简体   繁体   English

如何以编程方式运行Spark作业

[英]How can I run Spark job programmatically

I wan't to run Spark job programmatically - submit SparkPi calculation to remote cluster directly from Idea (my laptop): 我不会以编程方式运行Spark作业-直接从Idea(我的笔记本电脑)将SparkPi计算提交到远程集群:

object SparkPi {

  def main(args: Array[String]) {
    val conf = new SparkConf().setAppName("Spark Pi")
      .setMaster("spark://host-name:7077")
    val spark = new SparkContext(conf)
    val slices = if (args.length > 0) args(0).toInt else 2
    val n = 100000 * slices
    val count = spark.parallelize(1 to n, slices).map { i =>
      val x = random * 2 - 1
      val y = random * 2 - 1
      if (x * x + y * y < 1) 1 else 0
    }.reduce(_ + _)
    println("Pi is roughly " + 4.0 * count / n)
    spark.stop()
  }

}

However, when I run it, I observe the following error: 但是,当我运行它时,我发现以下错误:

14/12/08 11:31:20 ERROR security.UserGroupInformation: PriviledgedActionException as:remeniuk (auth:SIMPLE) cause:java.util.concurrent.TimeoutException: Futures timed out after [30 seconds]
Exception in thread "main" java.lang.reflect.UndeclaredThrowableException: Unknown exception in doAs
    at org.apache.hadoop.security.UserGroupInformation.doAs(UserGroupInformation.java:1421)
    at org.apache.spark.deploy.SparkHadoopUtil.runAsSparkUser(SparkHadoopUtil.scala:52)
    at org.apache.spark.executor.CoarseGrainedExecutorBackend$.run(CoarseGrainedExecutorBackend.scala:113)
    at org.apache.spark.executor.CoarseGrainedExecutorBackend$.main(CoarseGrainedExecutorBackend.scala:156)
    at org.apache.spark.executor.CoarseGrainedExecutorBackend.main(CoarseGrainedExecutorBackend.scala)
Caused by: java.security.PrivilegedActionException: java.util.concurrent.TimeoutException: Futures timed out after [30 seconds]
    at java.security.AccessController.doPrivileged(Native Method)
    at javax.security.auth.Subject.doAs(Subject.java:415)
    at org.apache.hadoop.security.UserGroupInformation.doAs(UserGroupInformation.java:1408)
    ... 4 more

When I run the same script with spark-submit from my laptop, I see the same error. 当我从笔记本电脑执行带有spark-submit的相同脚本时,会看到相同的错误。

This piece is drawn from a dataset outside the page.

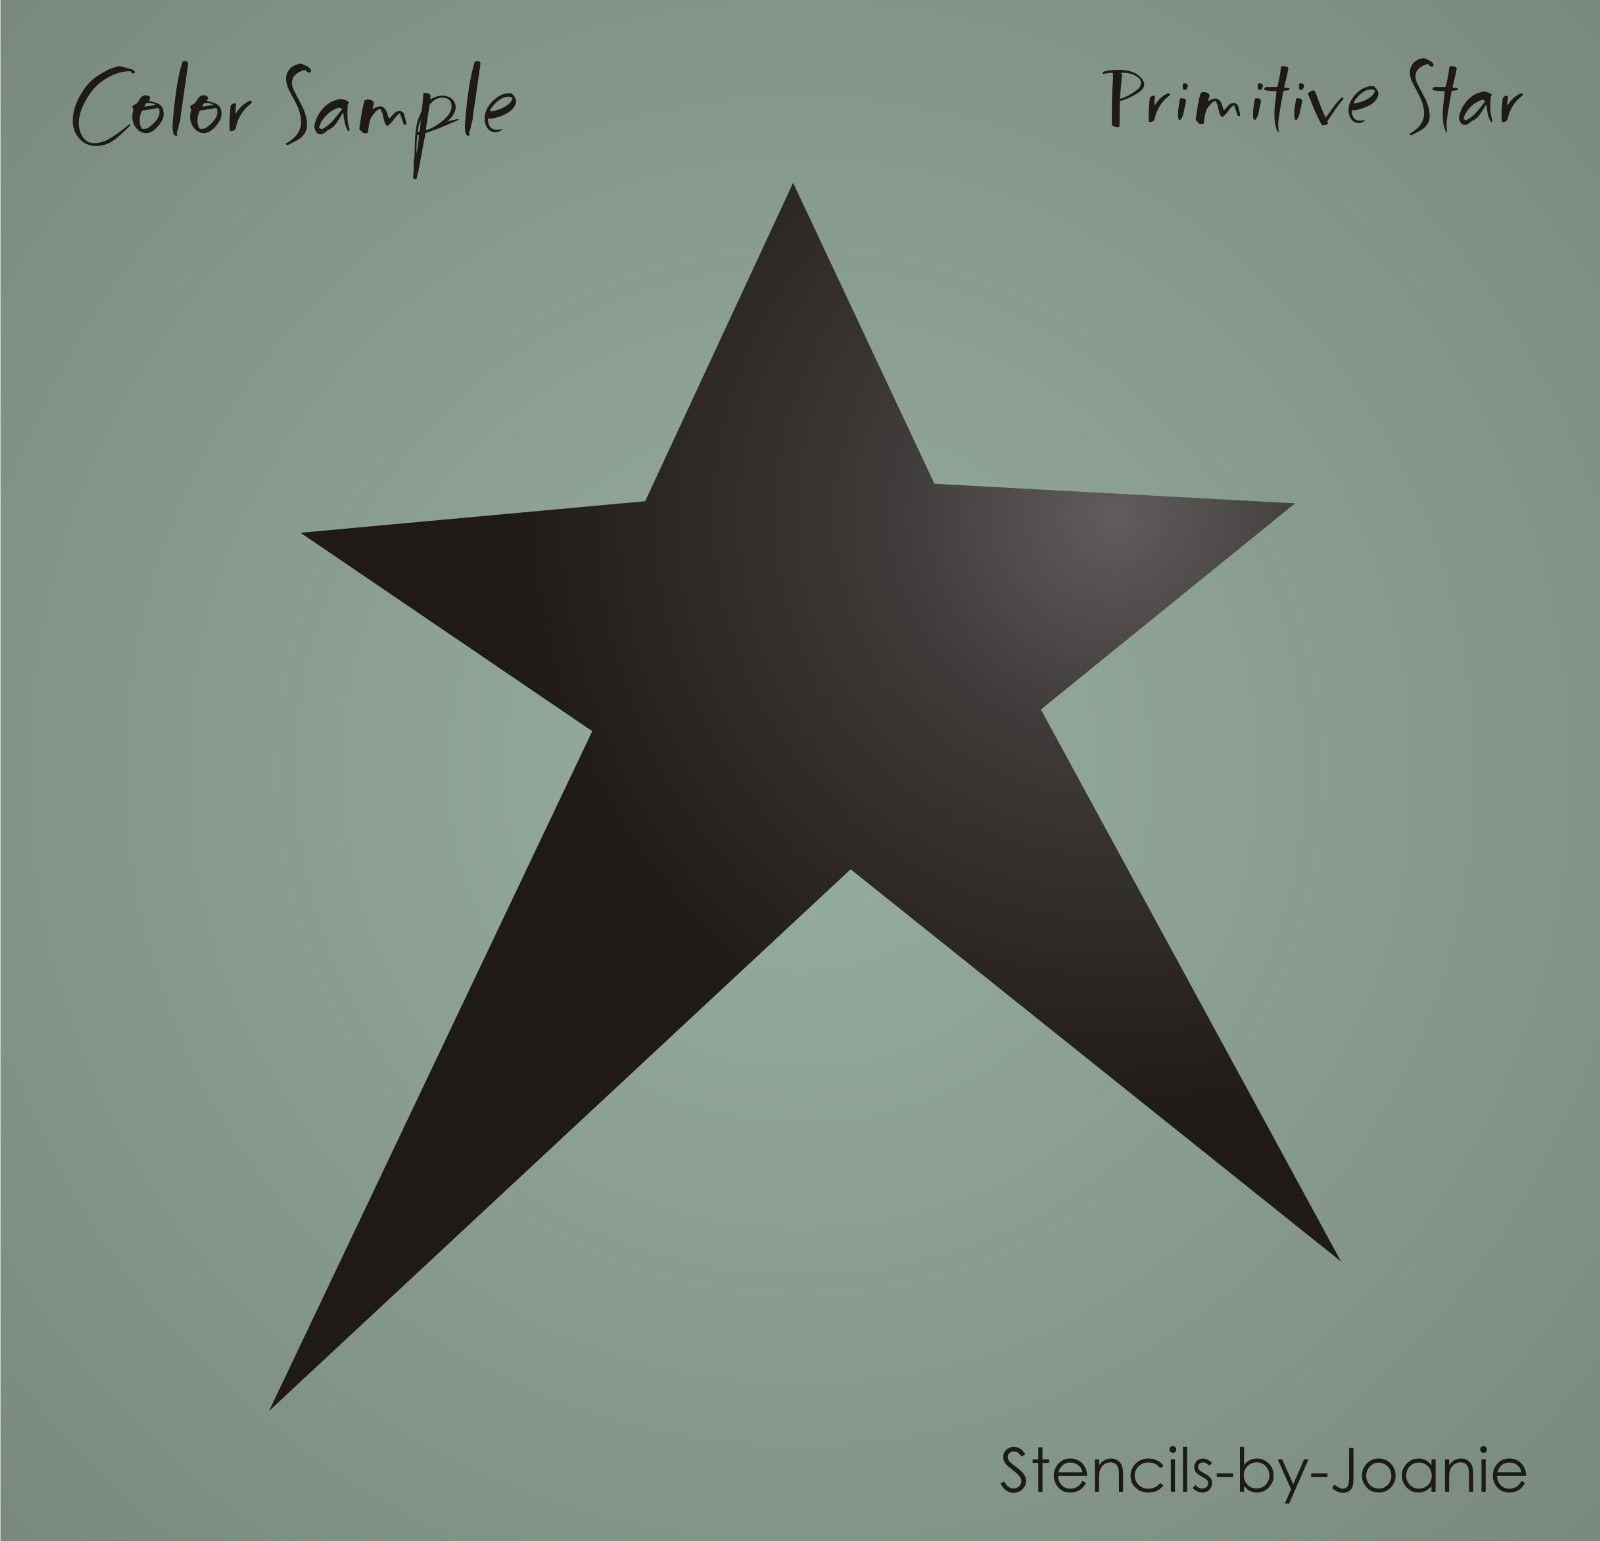 Details About Joanie Patriotic Stencil 1776 Stars

And only when I upload the jar to remote cluster (machine, where master is running), job complete successfully: 而且只有当我将jar上传到远程集群(运行master的机器)时,作业才能成功完成:

./bin/spark-submit --master spark://host-name:7077 --class com.viaden.crm.spark.experiments.SparkPi ../spark-experiments_2.10-0.1-SNAPSHOT.jar

According to the exception stack, it should be your local firewall issue. 根据异常堆栈,这应该是您的本地防火墙问题。

please refer to this similar case Intermittent Timeout Exception using Spark 请参考使用Spark的类似情况间歇性超时异常

暂无
暂无

声明:本站的技术帖子网页,遵循CC BY-SA 4.0协议,如果您需要转载,请注明本站网址或者原文地址。任何问题请咨询:yoyou2525@163.com.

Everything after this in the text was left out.